Scientific classification
- Kingdom: Plantae
- Clade: Embryophytes
- Clade: Tracheophytes
- Clade: Angiosperms
- Clade: Eudicots
- Order: Caryophyllales
- Family: Polygonaceae
- Genus: Eriogonum
- Species: E. exilifolium
- Binomial name: Eriogonum exilifolium Reveal

= Eriogonum exilifolium =

- Genus: Eriogonum
- Species: exilifolium
- Authority: Reveal

Species of wild buckwheat

Eriogonum exilifolium is a species of flowering plant in the buckwheat family known by the common name dropleaf buckwheat. It is native to Wyoming and Colorado in the United States.

This species is a mat-forming herb growing up to about 10 centimeters tall. The leaves, located around the base of the plant, are linear or lance-shaped and measure up to 6 centimeters long. They are white and woolly on the undersides but green and mostly hairless on the upper surfaces. The inflorescence is a cluster of white flowers.
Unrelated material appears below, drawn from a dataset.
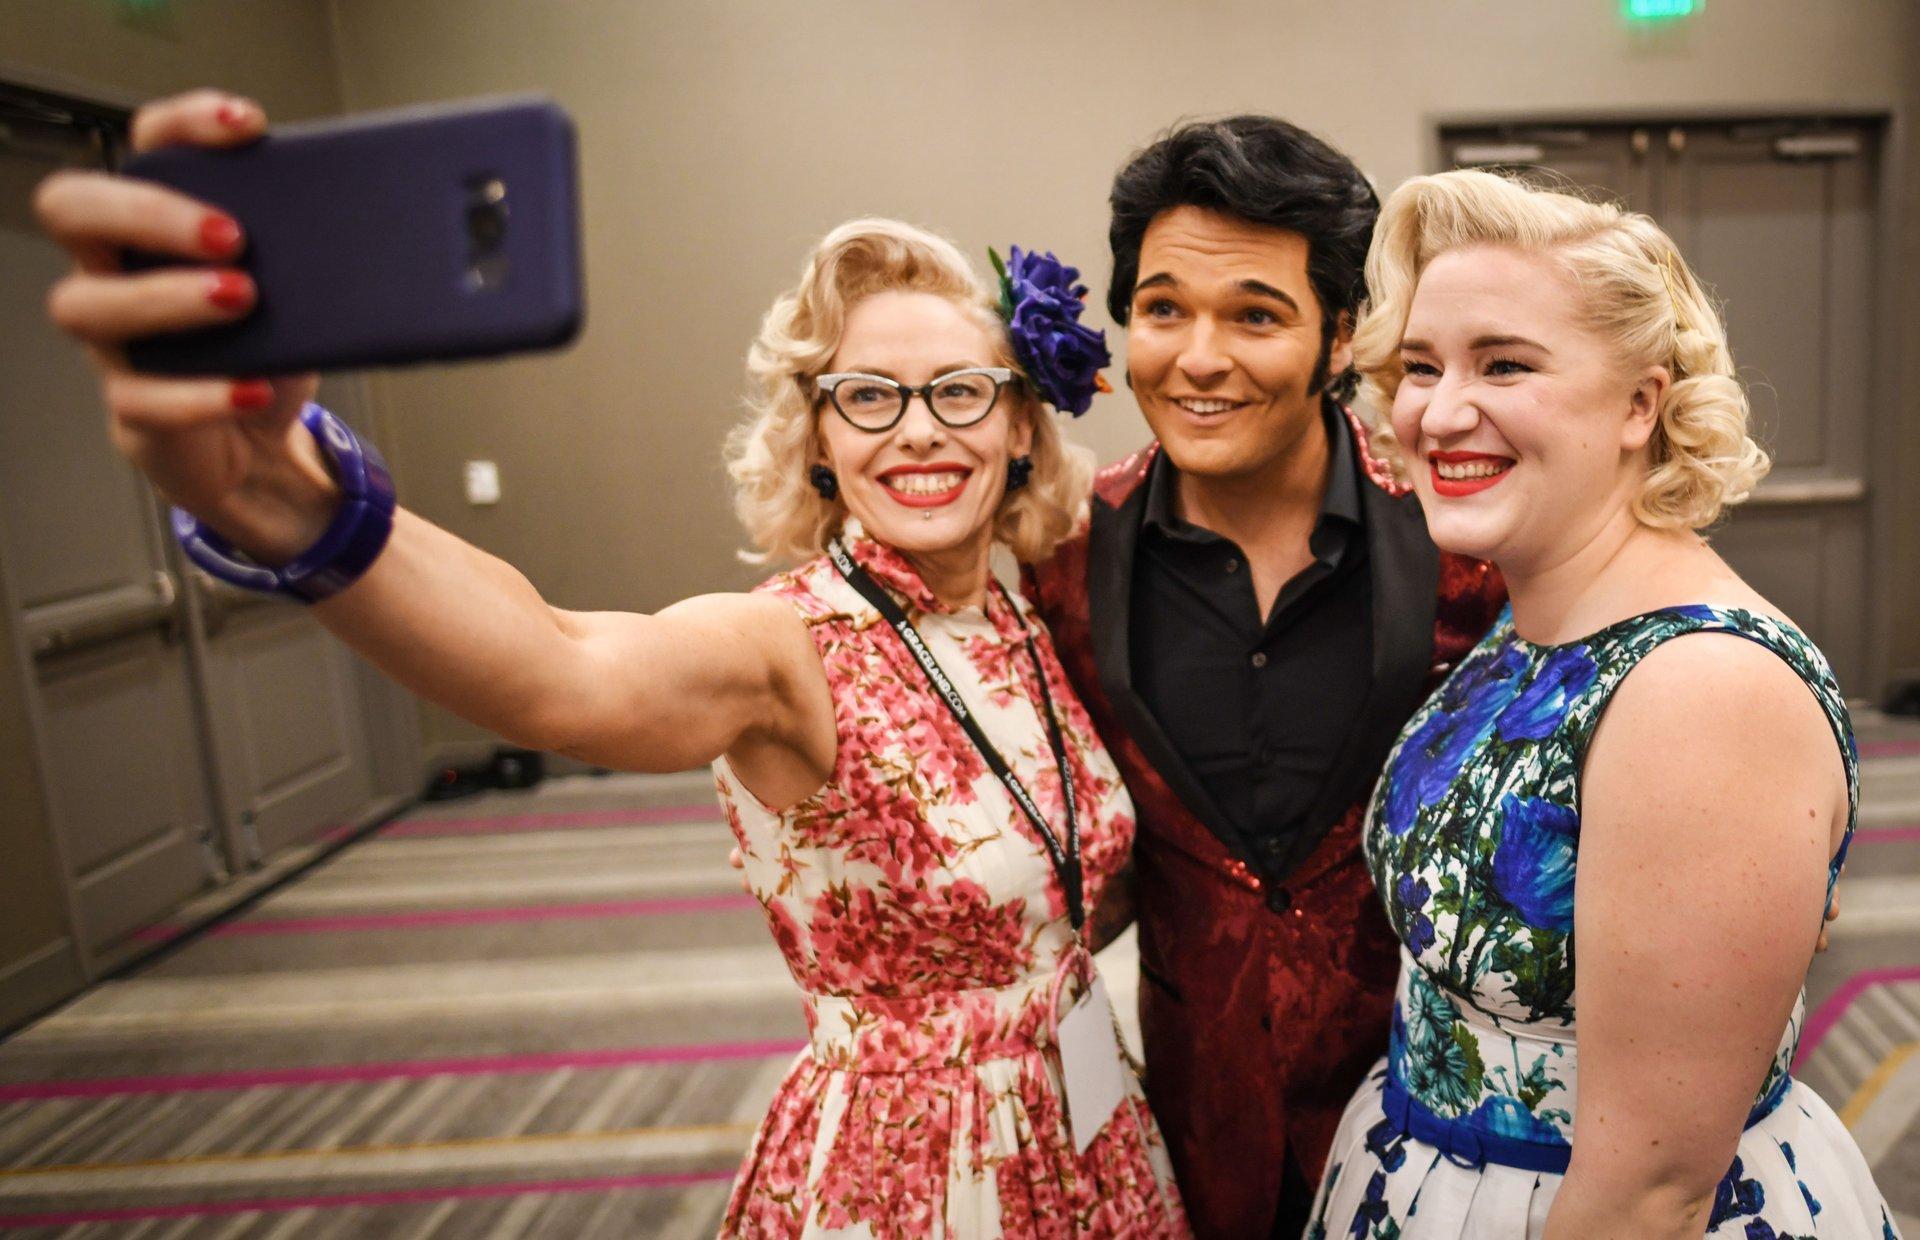 Elvis Week in Tennessee - Best Season 2020
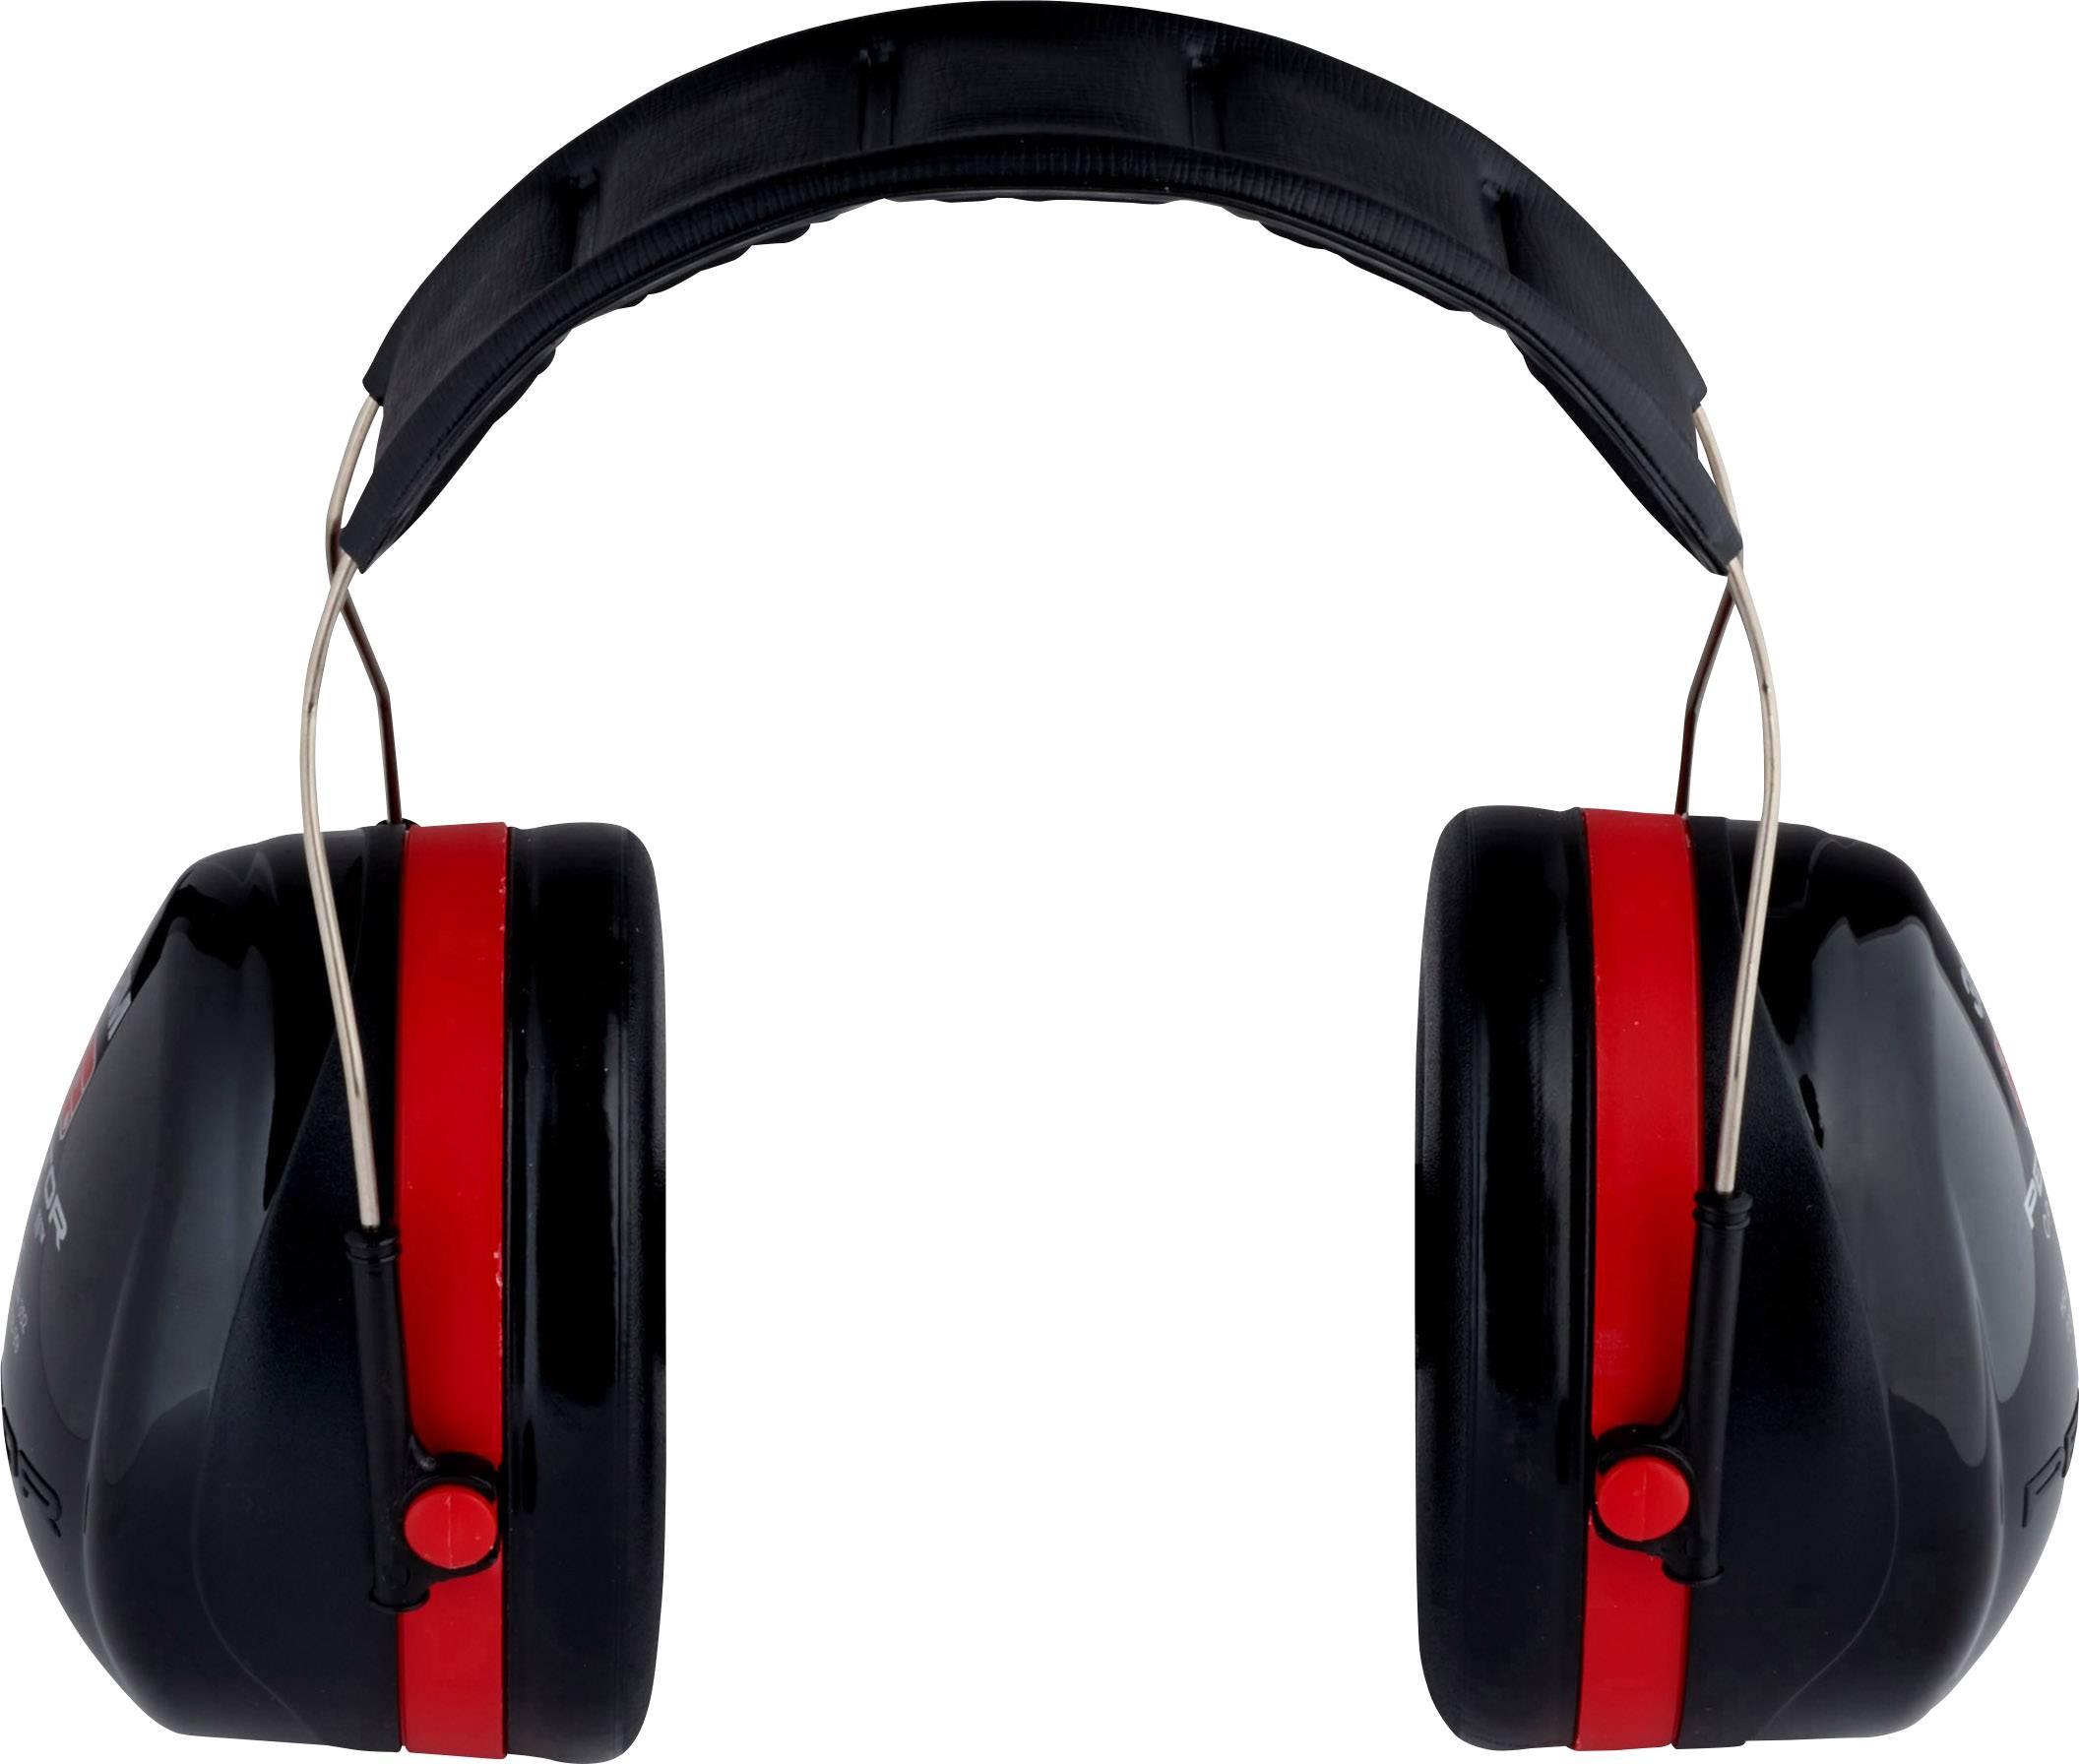 Mušľový chránič sluchu Peltor OPTIME III H540A, 35 dB, 1 ks

This species was long confused with Eriogonum pauciflorum, a more common species, and it got its own name in 1967. It is closely related to Eriogonum coloradense.

This species grows in dry basins on hills and plains that are mostly free of other vegetation. Sometimes it grows in sagebrush. It grows on a number of soil types. It can be found growing alongside the endangered species Phacelia formosula.

==Taxonomy==
Eriogonum exilifolium was scientifically described by James L. Reveal in 1967 as a member of the Eriogonum genus. It is classified in the Polygonaceae and has no synonyms.